于是道:“自古以來,王權至上,世家大族盤踞,皆為權為利,以王後身份,能做到如此,已是不同。”
話剛說出口,沈周容便覺不妥,這不是一個普通大員之女該說出的話。
往大了說,此言冒犯皇威,一旦傳出去,被有心之人妄加揣測,是要被問罪的。
沒想到,烏雅蘭朵隻是深深看了她一眼,自然接過往下說。
“後來,大安最後一次出兵徹底擊垮胡人後,我哥哥與宿勤将軍看準時機,擁護當時還是部族首領的我夫君,一舉成事,并帶兵迅速收服周邊部落,至此,北蠻一步步壯大,直至如今。”
“我知當今世間,平等是比任何東西都更珍稀的存在,可升平皇後帶給我的影響早已滲透我全部骨血,所以,我才會在北蠻,學着她曾經的樣子,走她曾經走過路。”
“也不知道,這條路的盡頭,到底是什麼。我想,總不會太壞,至少現在,一切都在向更好的方向發展。

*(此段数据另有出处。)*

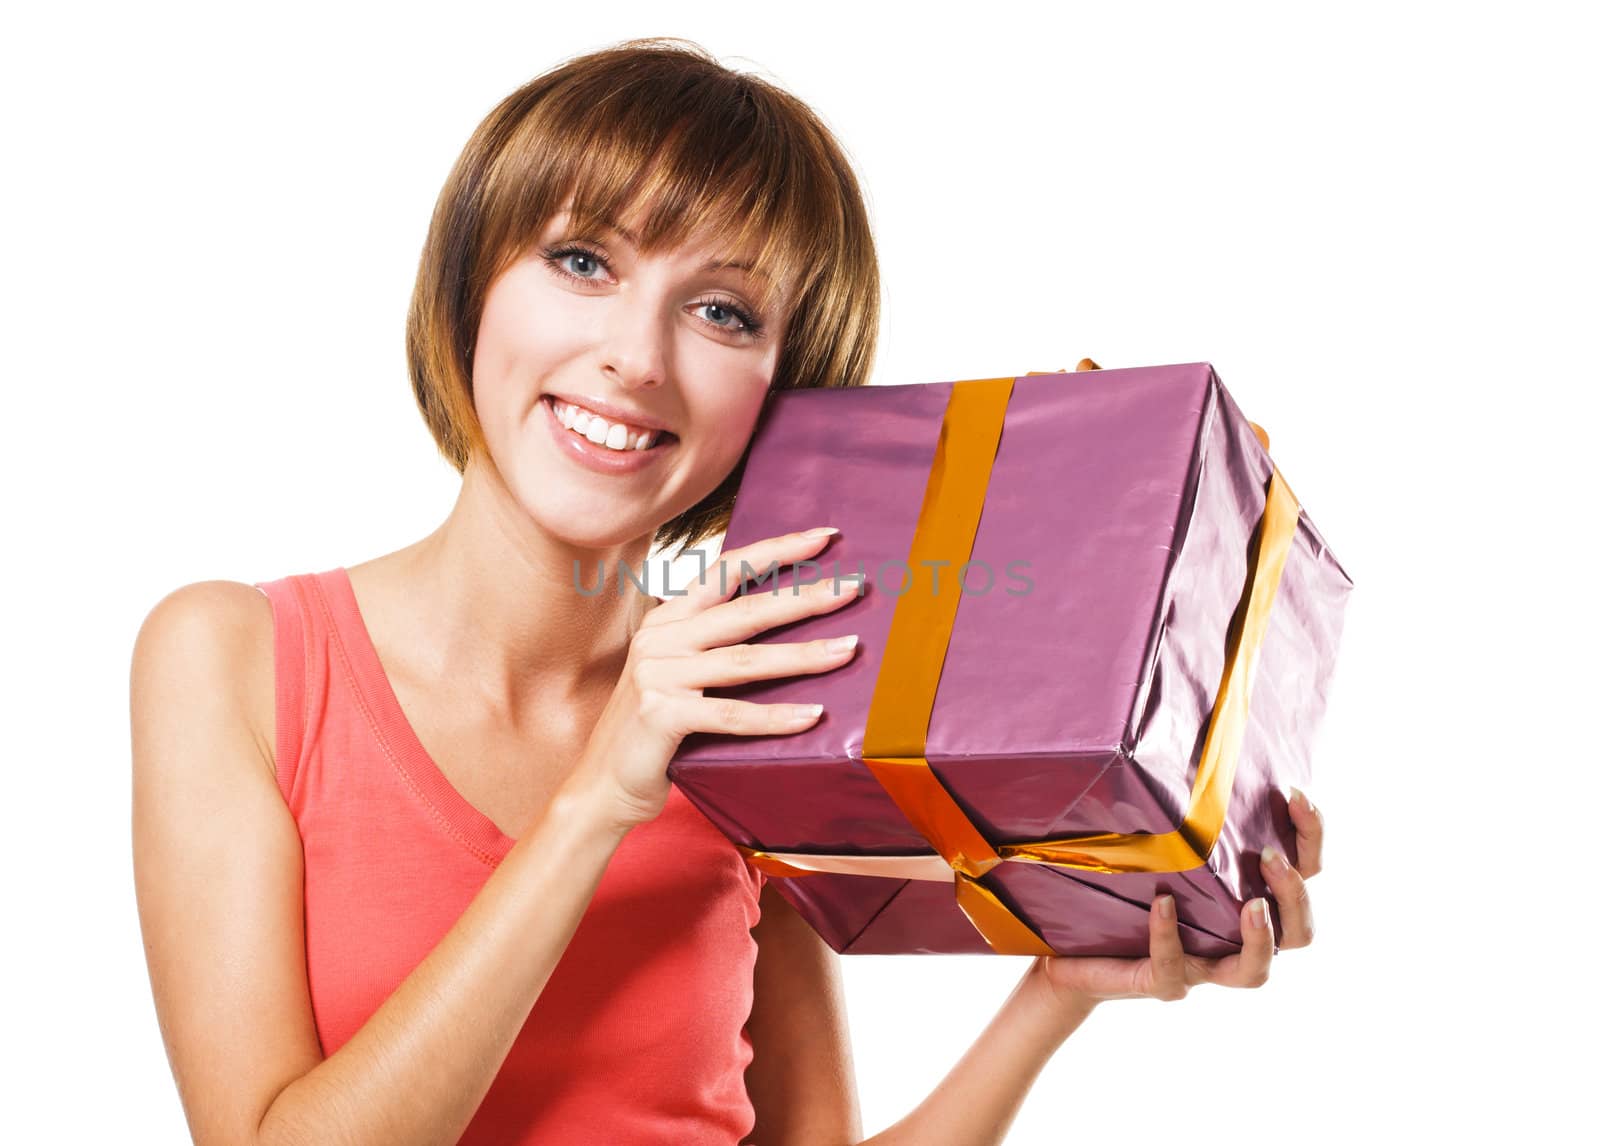 Lovely girl with a gift box, white background

”
也不知是不是她的錯覺,提起撫育院和升平皇後,烏雅蘭朵有一種發自内心的安泰和敬畏,這種安泰和敬畏,超出了她從小到大的所有認知。
沈周容并未和烏雅蘭朵讨論諸多,因為阿木爾匆匆趕來,隻在烏雅蘭朵耳邊悄聲說了一句話,這位北蠻王後當即變了神色,與她告别後匆匆往王殿方向而去。

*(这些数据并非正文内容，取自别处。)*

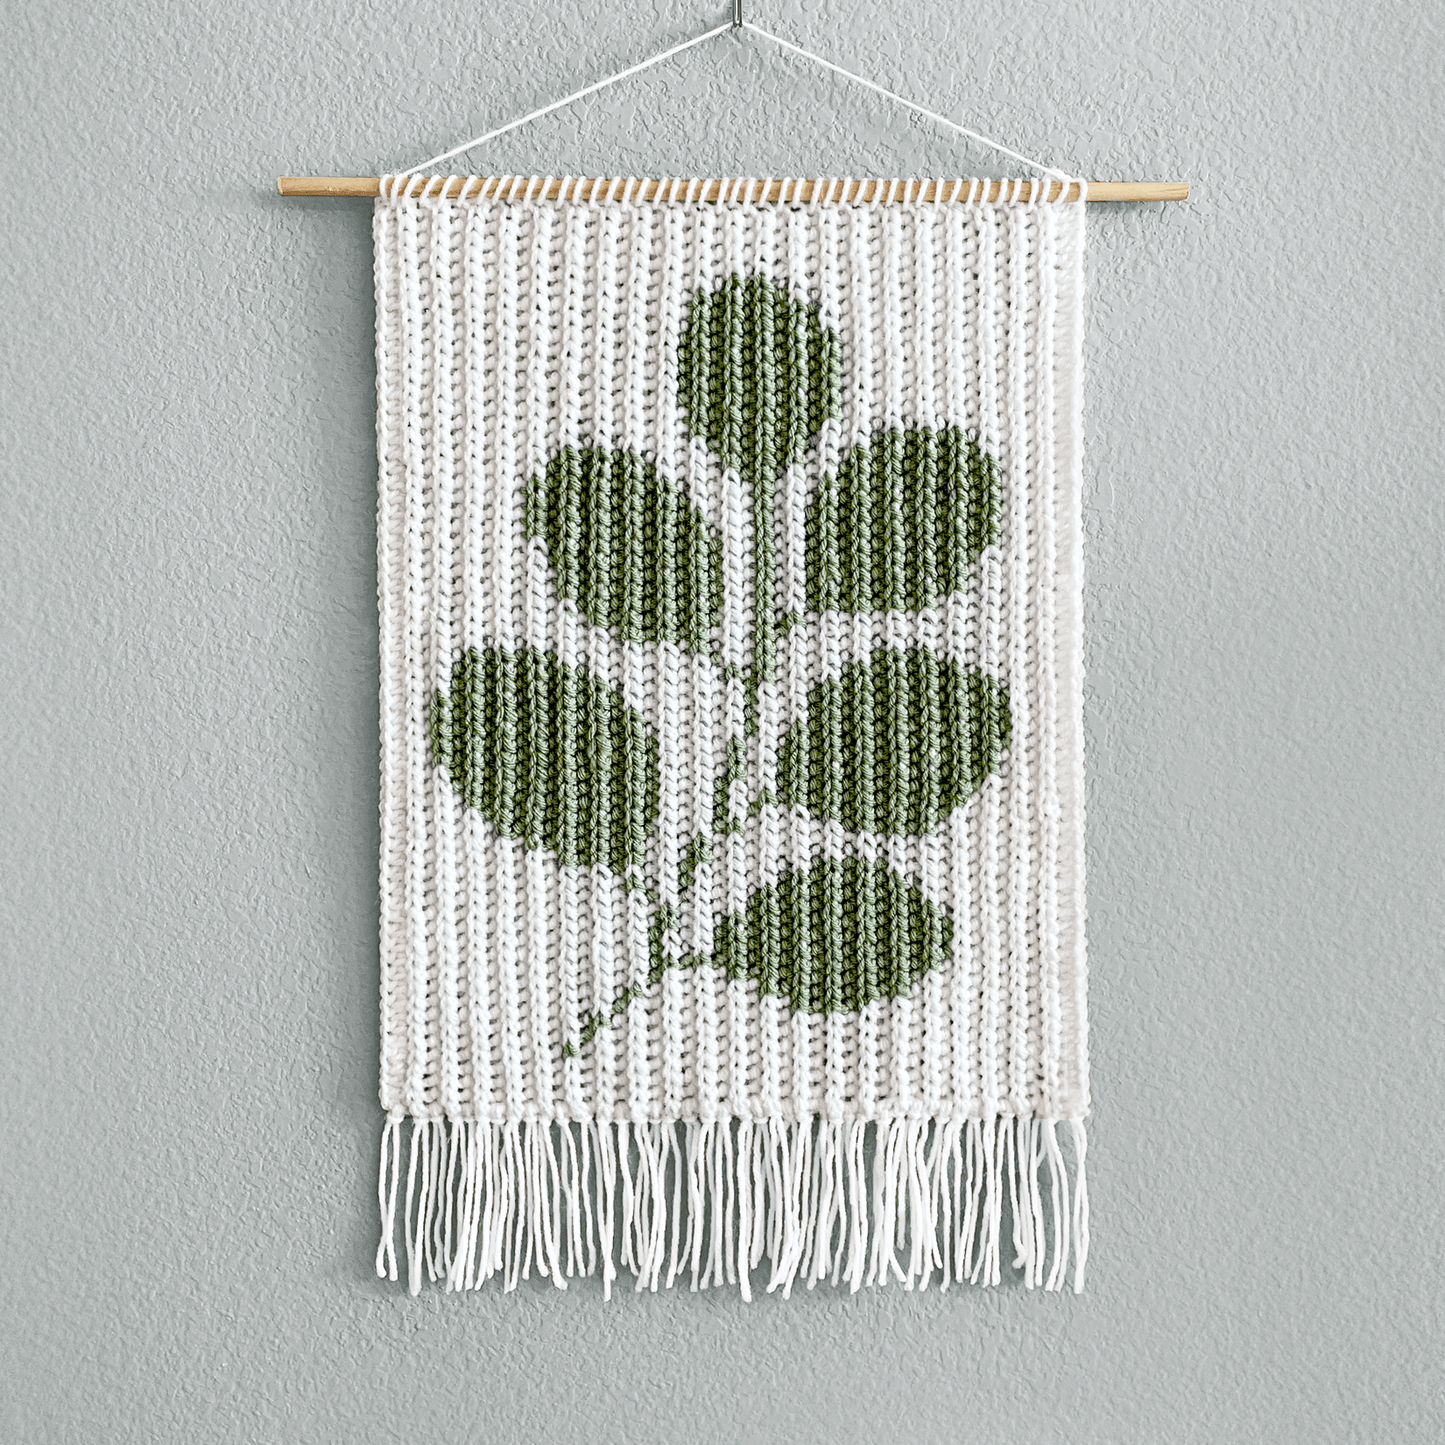 Ribbed Leaves Wall Hanging | Crochet Pattern

直到兩人徹底走遠後,長青才附到沈周容耳邊,壓低聲音,道出她們剛剛密信。
“北蠻探查到軍情,大齊派出大隊兵馬,将于兩日後抵達王都!”
長青耳力絕佳,幼時撫育院時,因地處邊關,先生教授的不止漢文,阿木爾雖壓低了聲音,可還是被長青聽的清清楚楚。
“大齊與北蠻十幾年來一直和平相處,此次突然出兵,怕是……”
大齊突然一反常态,除了自己,沈周容想不到其他。
而她能猜到的,長青也猜到了,于是第一時間勸她回大安。
“趁大雪未落,長青護殿下回朝!”
沈周容卻擡頭望天,昨日她們剛到時,天上飄的,還是零零散散的小雪花,而今,已紛紛揚揚,大片大片,遮了遠處視線。
“你說,這暴雪,真的會落下嗎?”
視線裡,有人策馬而來,猛地一拉缰繩,馬兒發出一聲嘶鳴,堪堪停在她身前丈許。
是林硯之。
少年下馬持傘而來,絕美的赤紅成了天地間唯一的色彩,在所有北蠻百姓視線裡,穩穩向王殿方向而去。
回到房間裡,長青第一時間搬來了炭盆,一連三個炭盆擺在沈周容身側,這才覺得稍暖和了一些。
這時,才将長青剛剛聽到的消息告訴林硯之。
“如此,隻怕軍馬一事,要作罷了。”
軍馬本就是林硯之抛出來,以避開沈周容身份的餌,此時聽沈周容話中有惋惜之意,林硯之卻并不覺得可惜。
“此時最緊要的,是殿下安危!大齊如此明目張膽派兵前來,必是知曉殿下孤身在此,身邊并無鐵甲軍在側,其心不言而喻!”
沈周容卻似沒聽懂林硯之的話,笑着同他不知是真的還是玩笑。
“我身邊有長青還有你,又怎會是孤身在此?”
本以為暴雪來臨至少要幾日的時間,誰知一晚過去,暴雪驟降!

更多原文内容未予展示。